[MATERIAL FOR THIS TASK]:

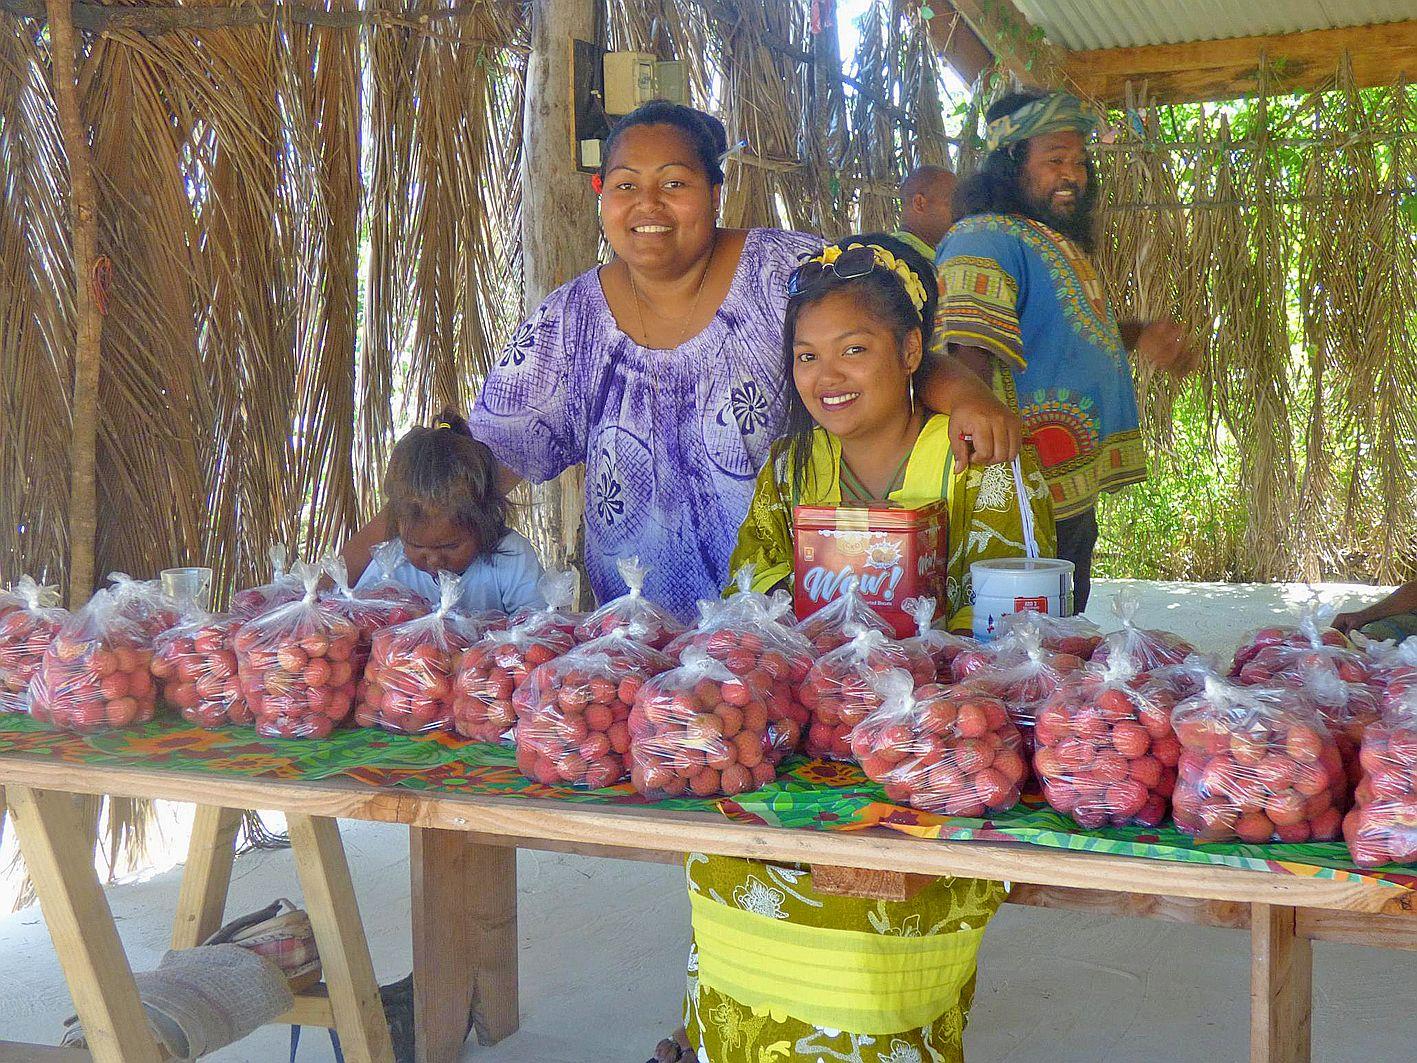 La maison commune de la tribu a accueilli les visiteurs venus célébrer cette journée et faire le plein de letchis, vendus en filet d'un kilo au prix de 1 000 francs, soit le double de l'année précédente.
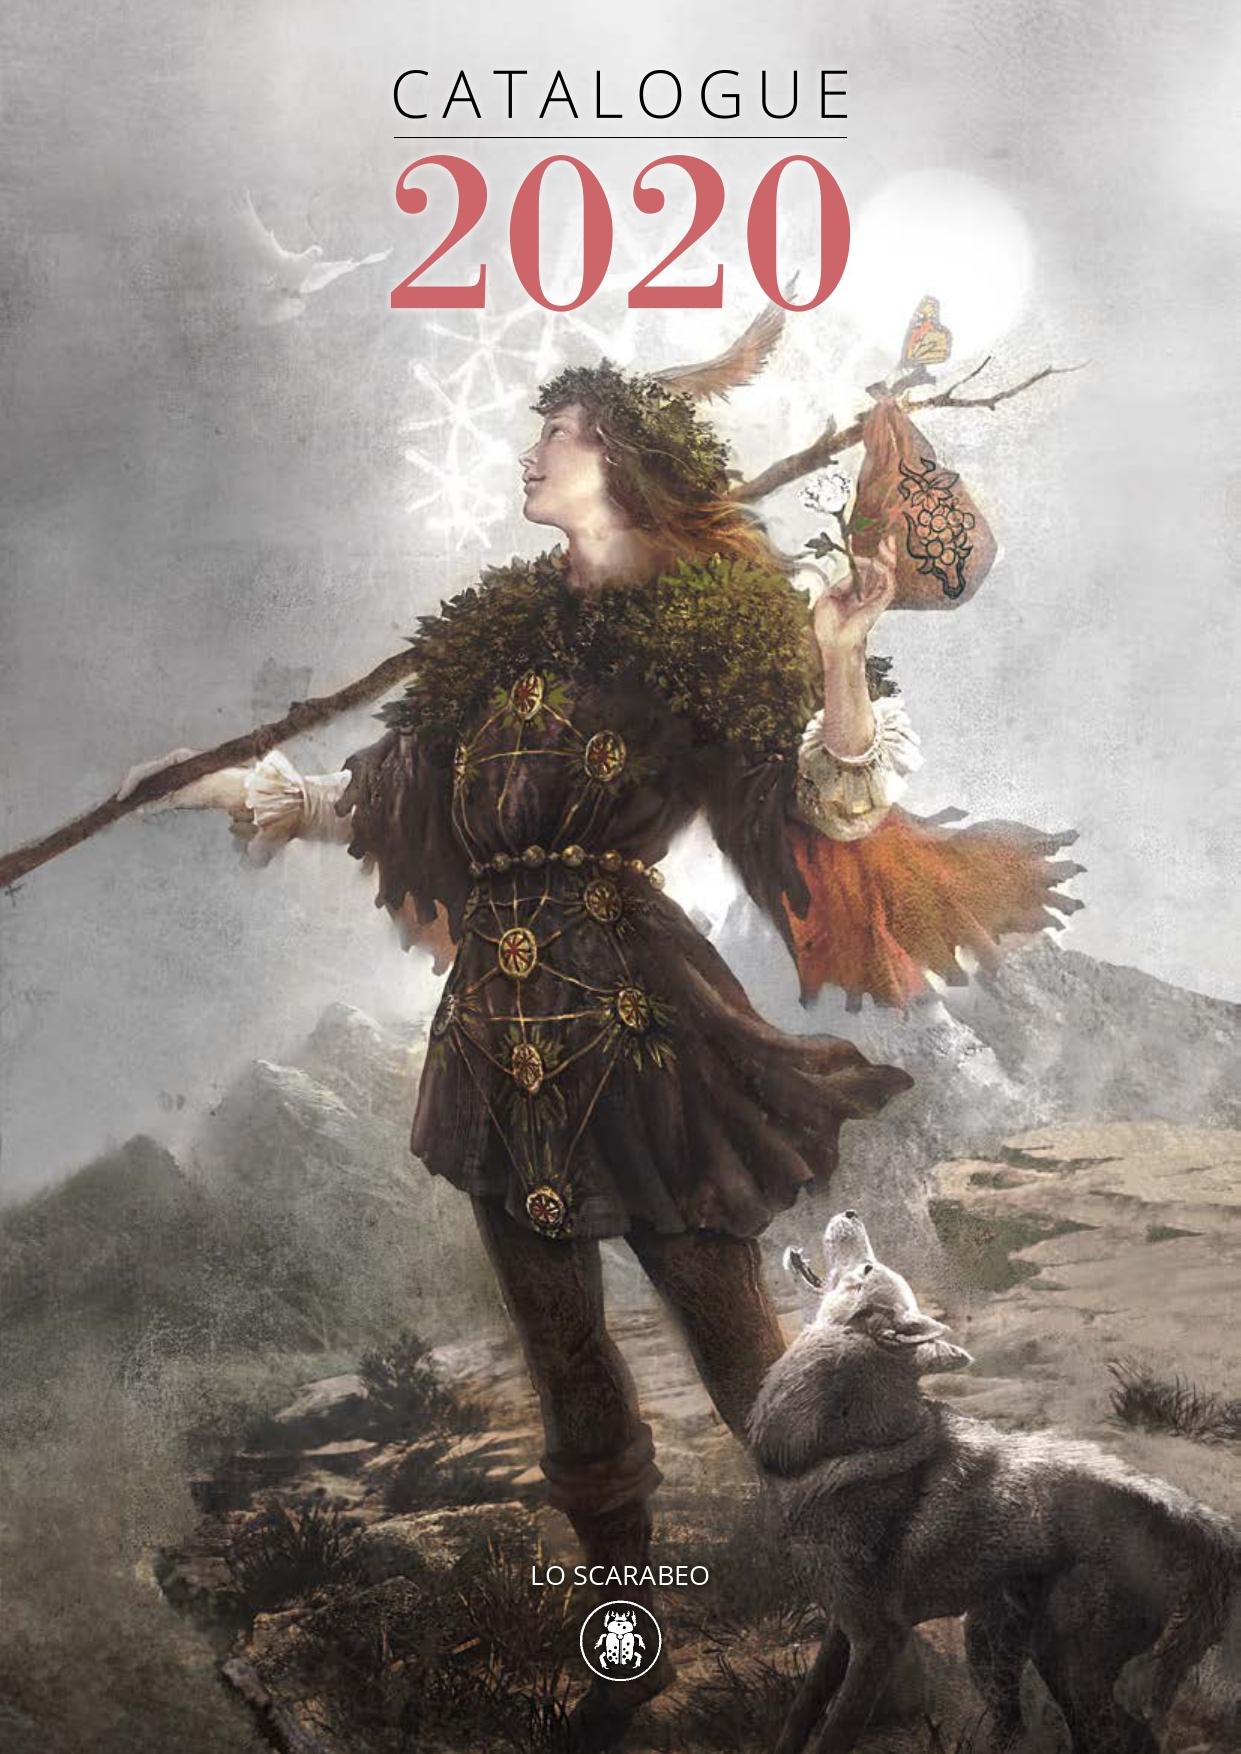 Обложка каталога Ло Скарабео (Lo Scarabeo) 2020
---
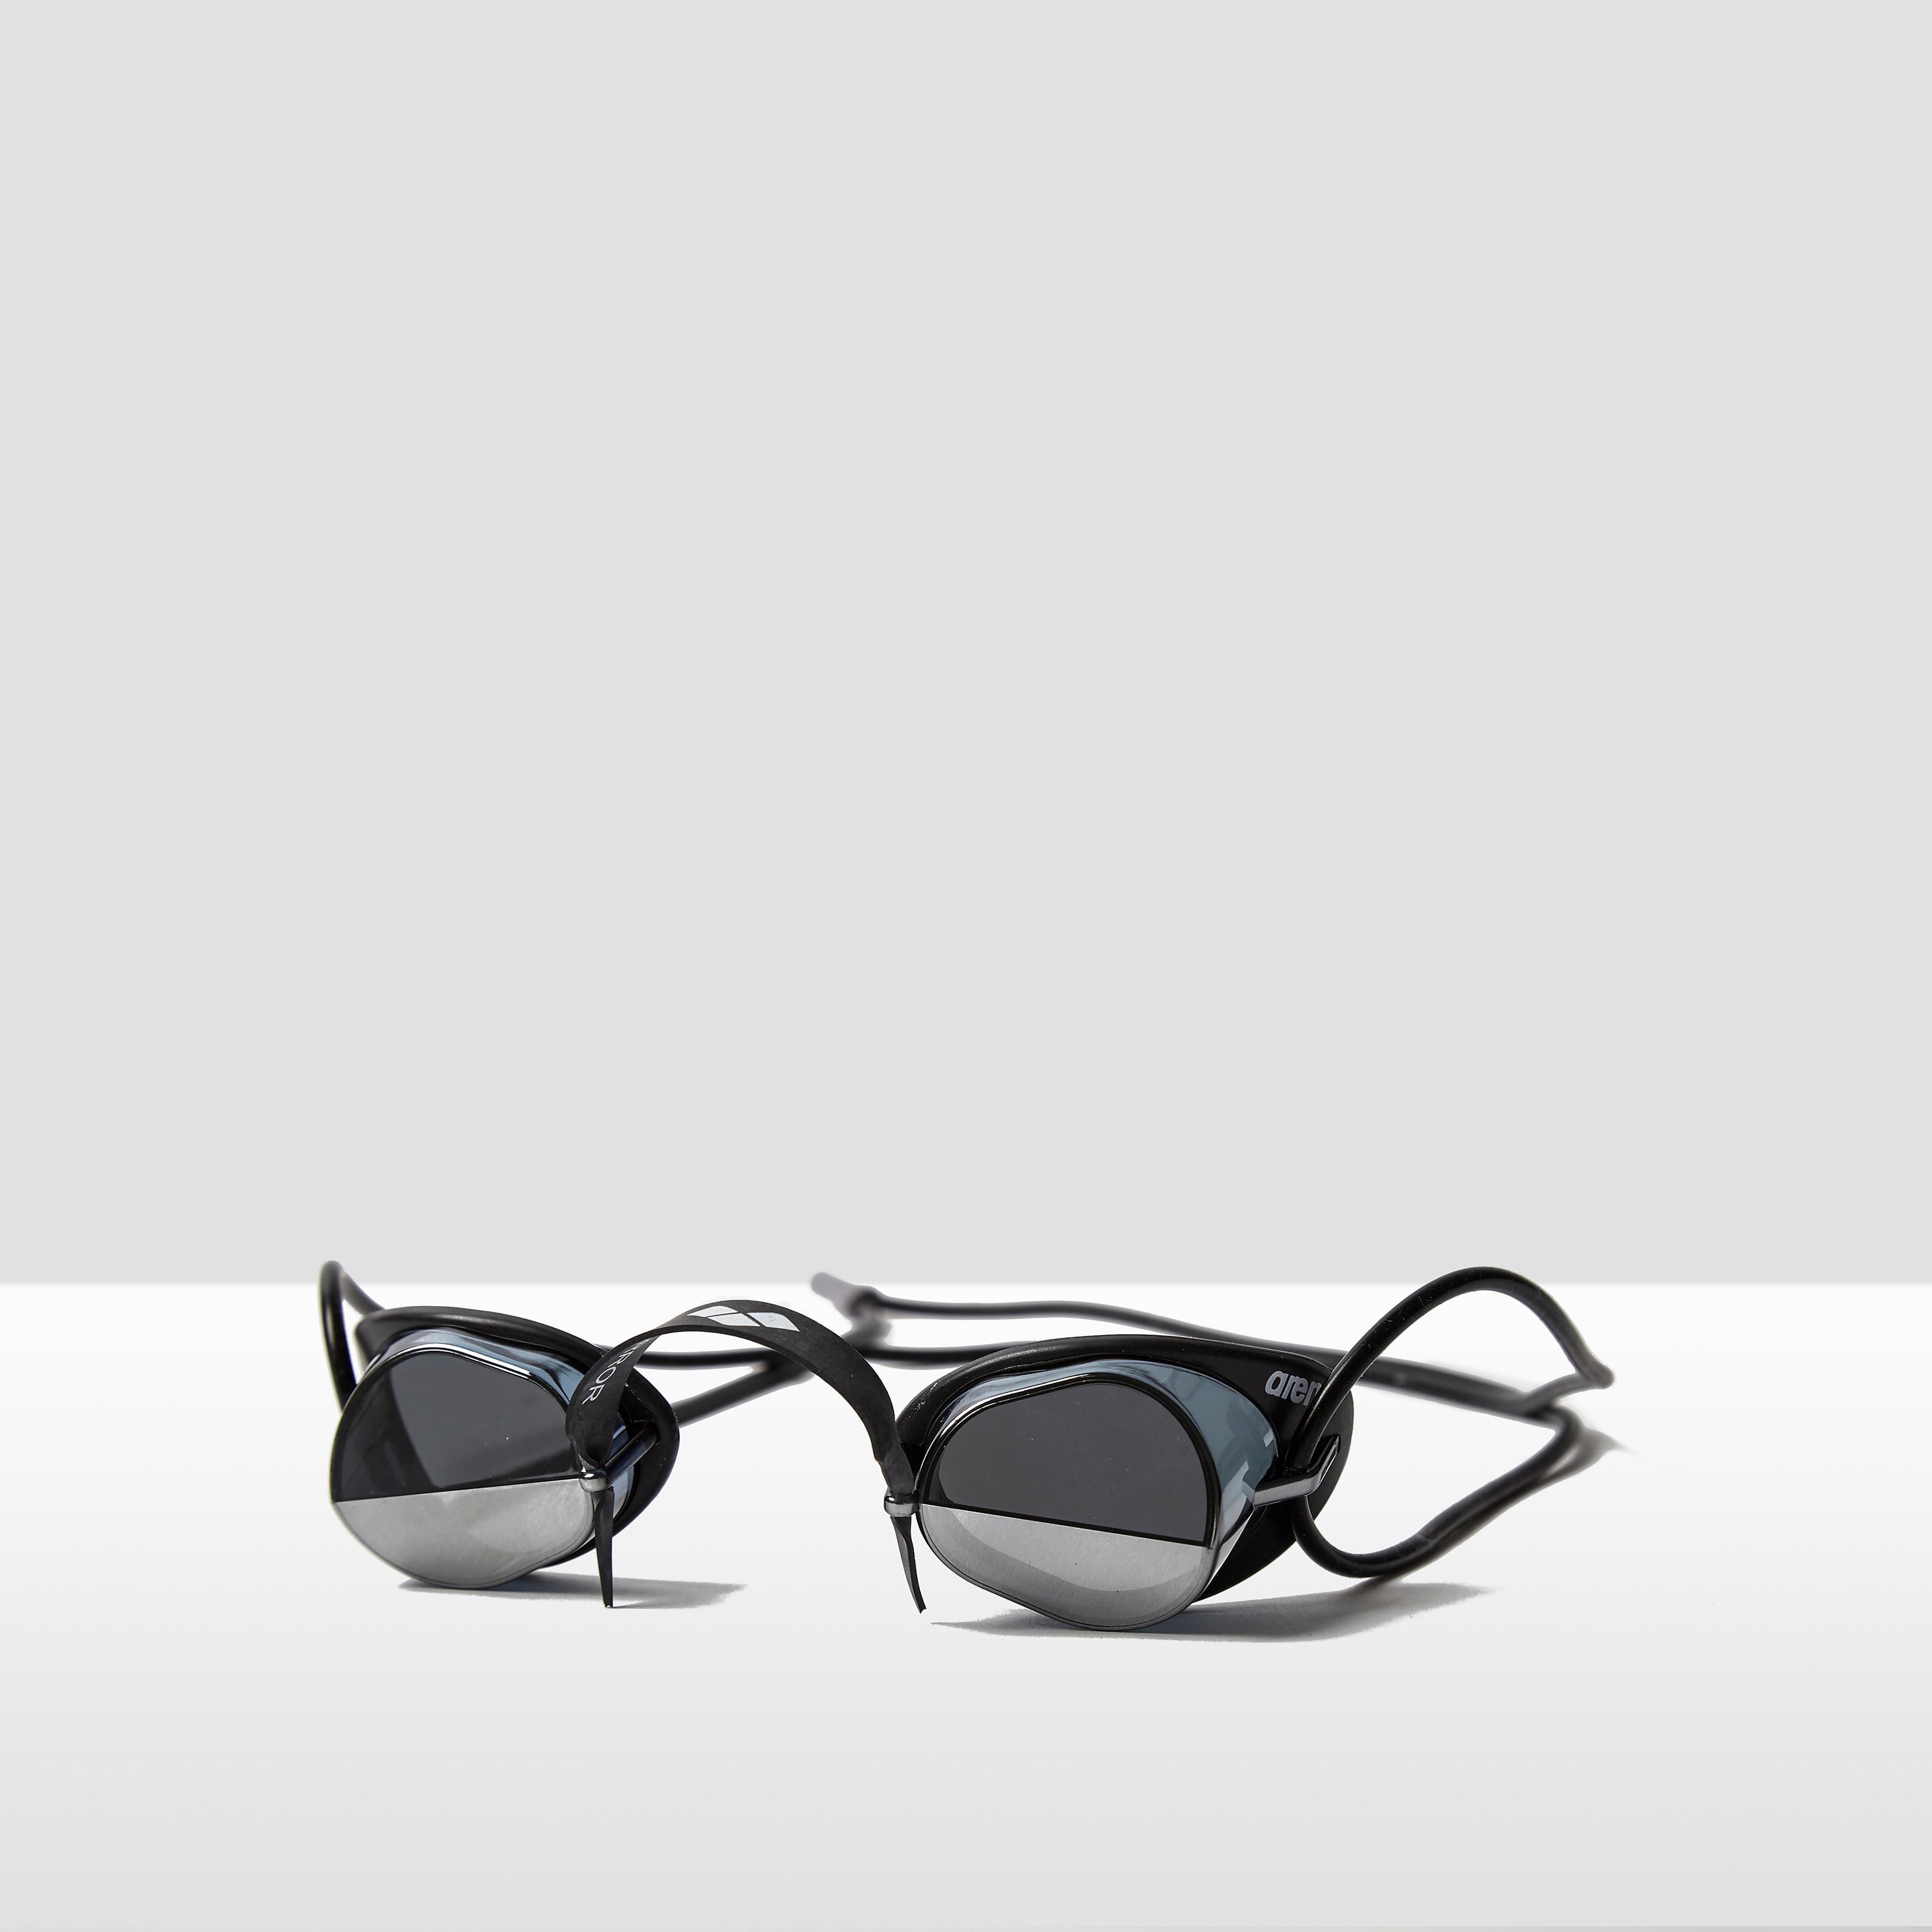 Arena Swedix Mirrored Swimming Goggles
---
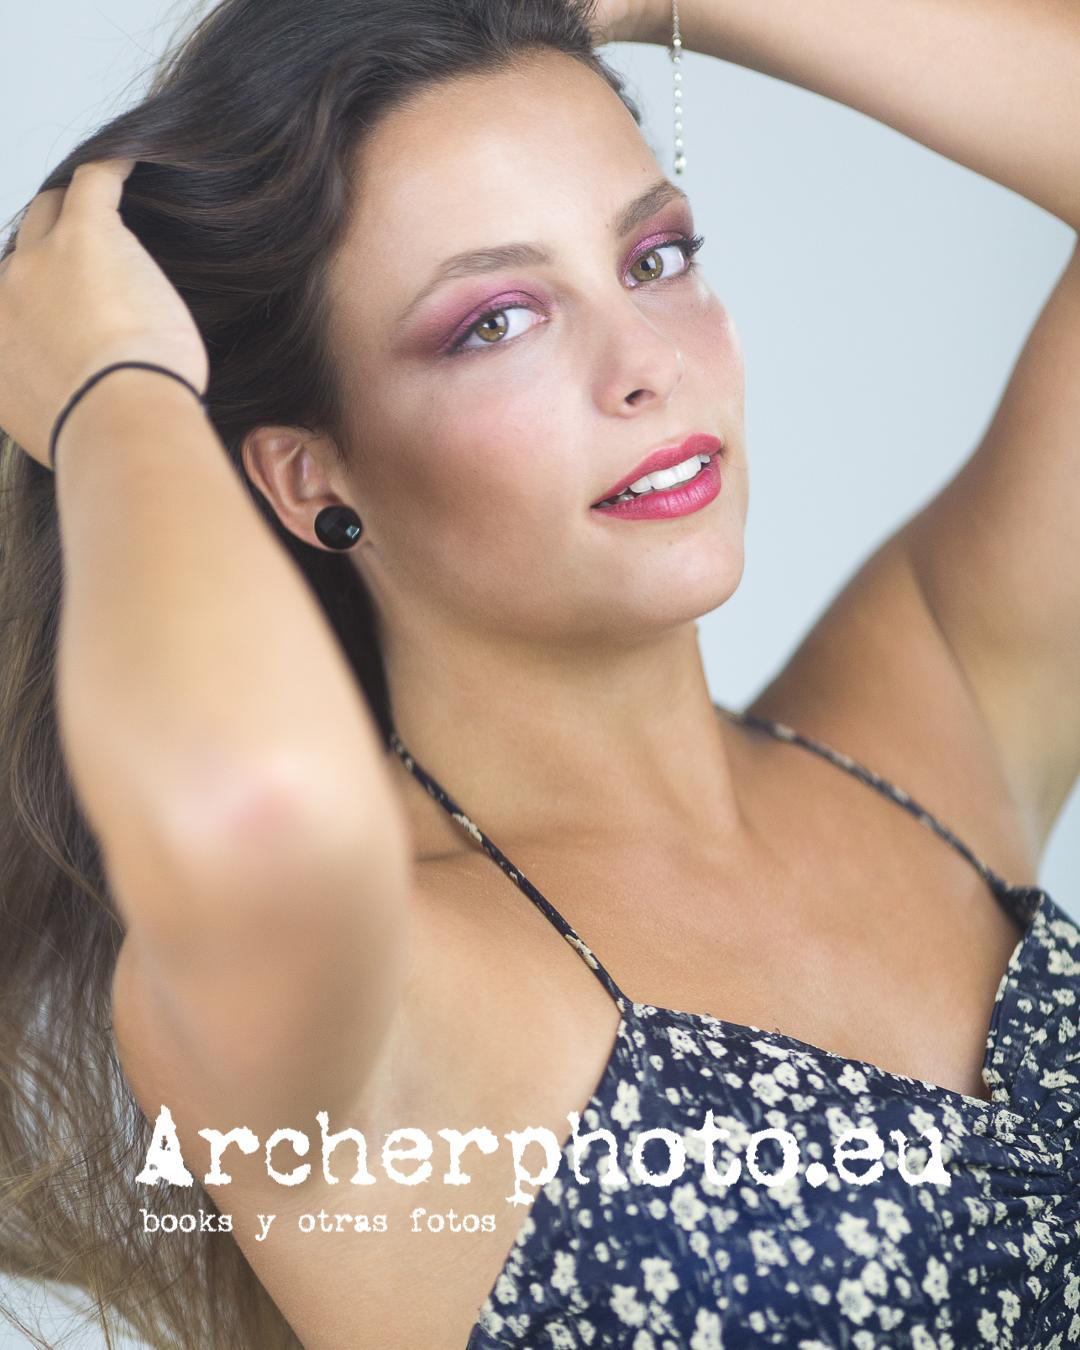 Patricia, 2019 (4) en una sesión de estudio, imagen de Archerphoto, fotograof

[DIRECTIONS]:
In the entries above, find the line with "La maison commune" and the line with "Обложка каталога Ло". Write out exactly those two lines and every line between them, pictures excluded.

[RESPONSE TO THE EXERCISE]:
 La maison commune de la tribu a accueilli les visiteurs venus célébrer cette journée et faire le plein de letchis, vendus en filet d'un kilo au prix de 1 000 francs, soit le double de l'année précédente.
 Обложка каталога Ло Скарабео (Lo Scarabeo) 2020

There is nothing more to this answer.